#### [REQUIRED ACTION]
For the listing below, output exactly the lines from the line with "Legend of Zelda" up to and including the line with "Cortinas para ventana", and no other lines.

#### [SUPPLIED MATERIAL]
BEGIN

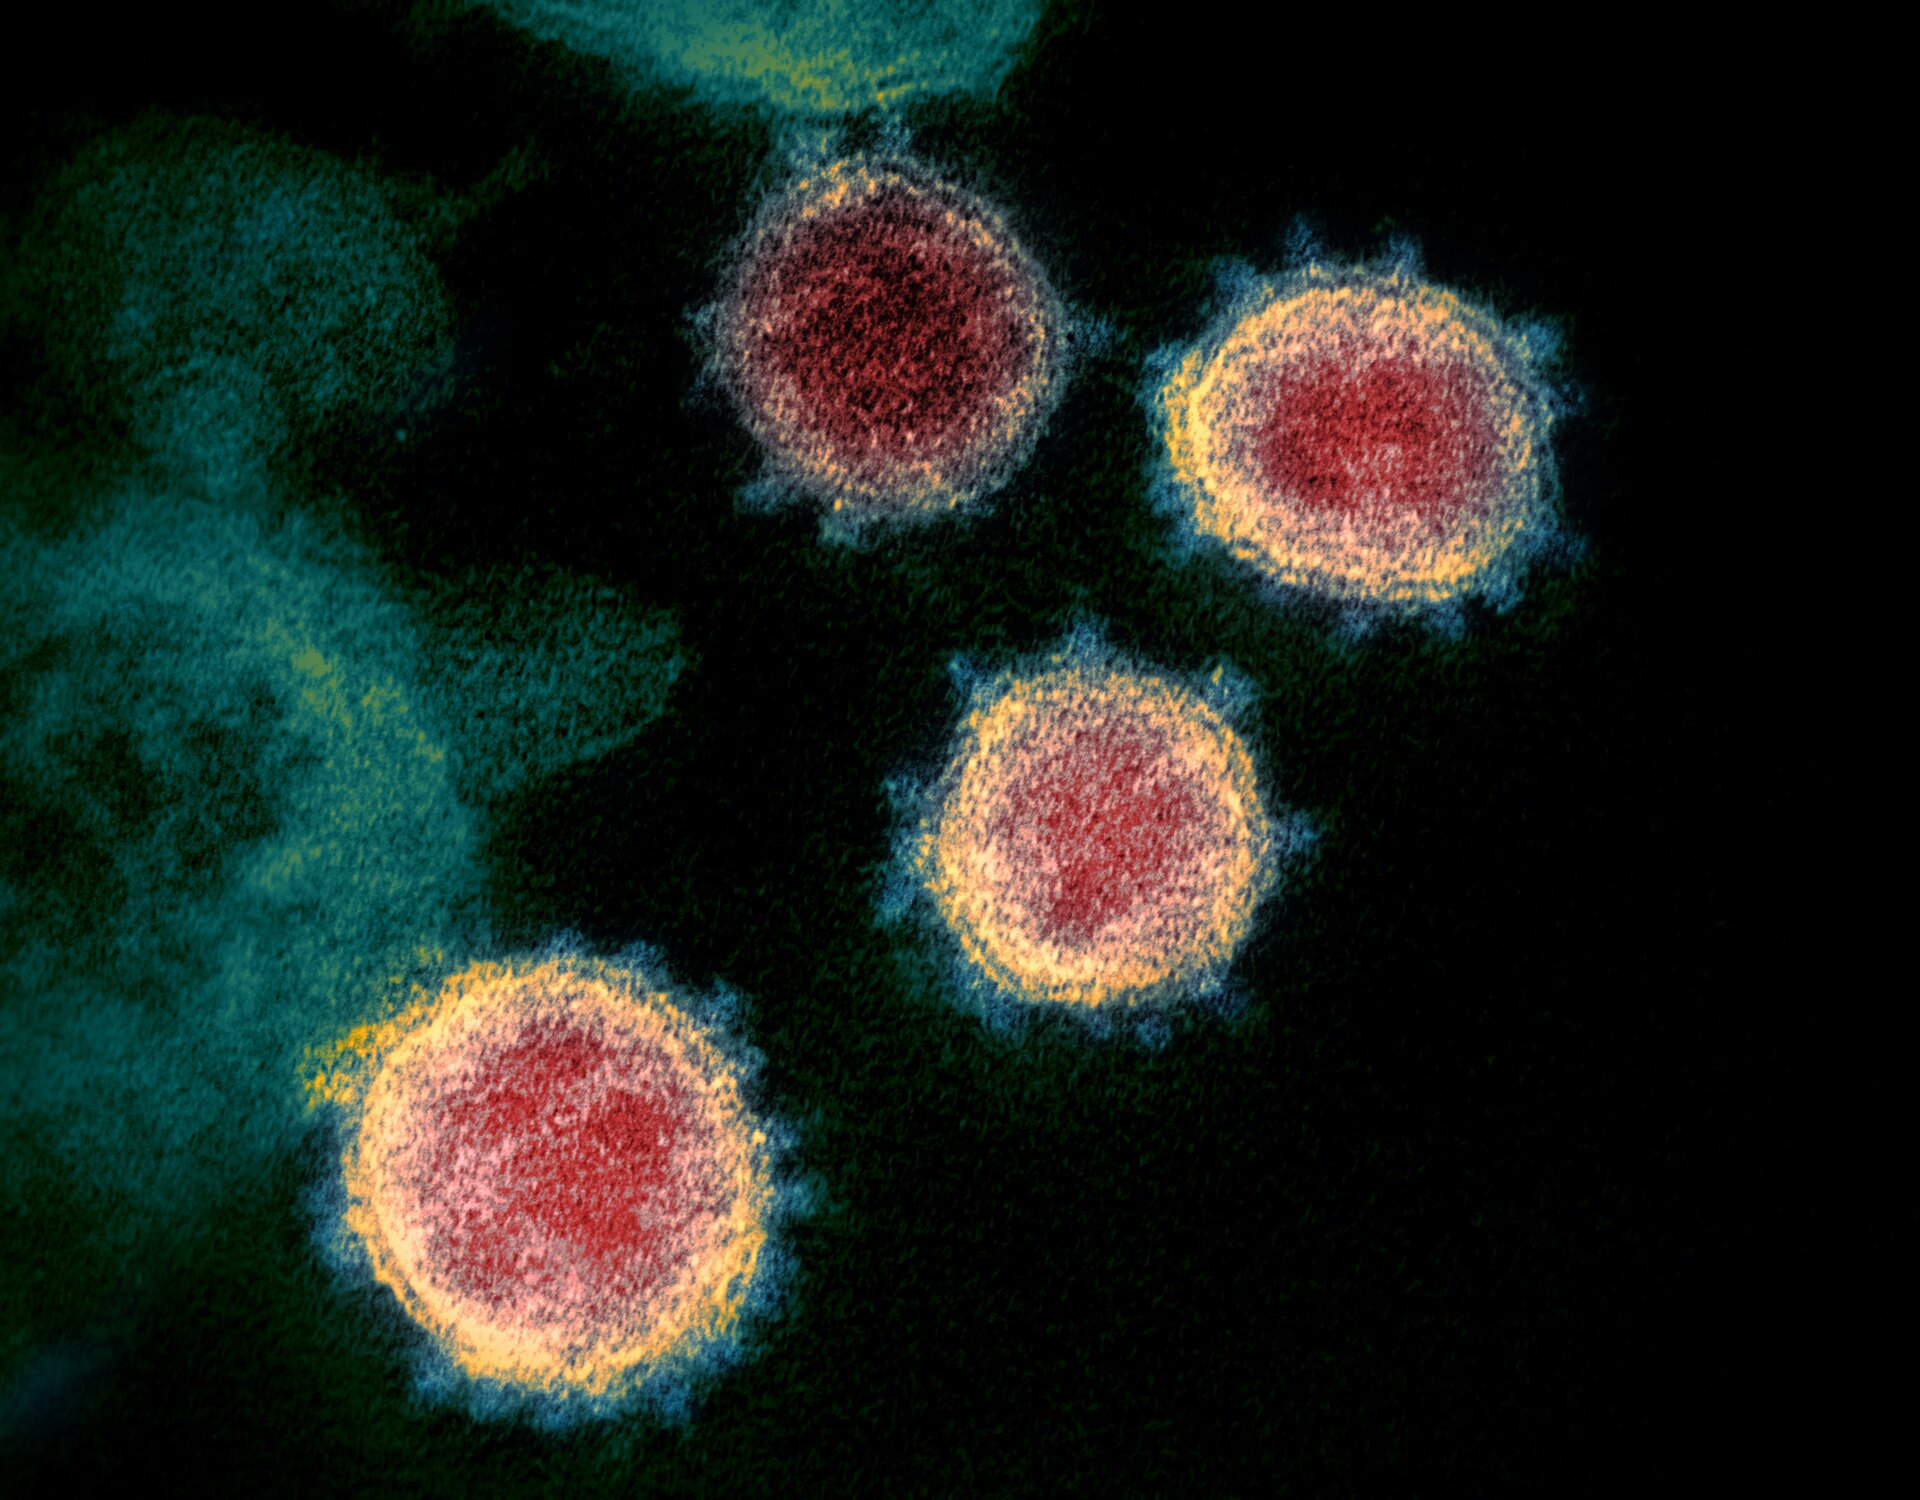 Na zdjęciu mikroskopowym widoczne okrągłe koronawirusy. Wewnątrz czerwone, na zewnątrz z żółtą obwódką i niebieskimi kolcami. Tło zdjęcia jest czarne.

END
BEGIN

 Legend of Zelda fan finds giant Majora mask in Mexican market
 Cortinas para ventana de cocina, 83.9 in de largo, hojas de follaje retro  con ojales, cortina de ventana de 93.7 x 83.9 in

END

#### [RESULT FOR THIS TASK]
 Legend of Zelda fan finds giant Majora mask in Mexican market
 Cortinas para ventana de cocina, 83.9 in de largo, hojas de follaje retro  con ojales, cortina de ventana de 93.7 x 83.9 in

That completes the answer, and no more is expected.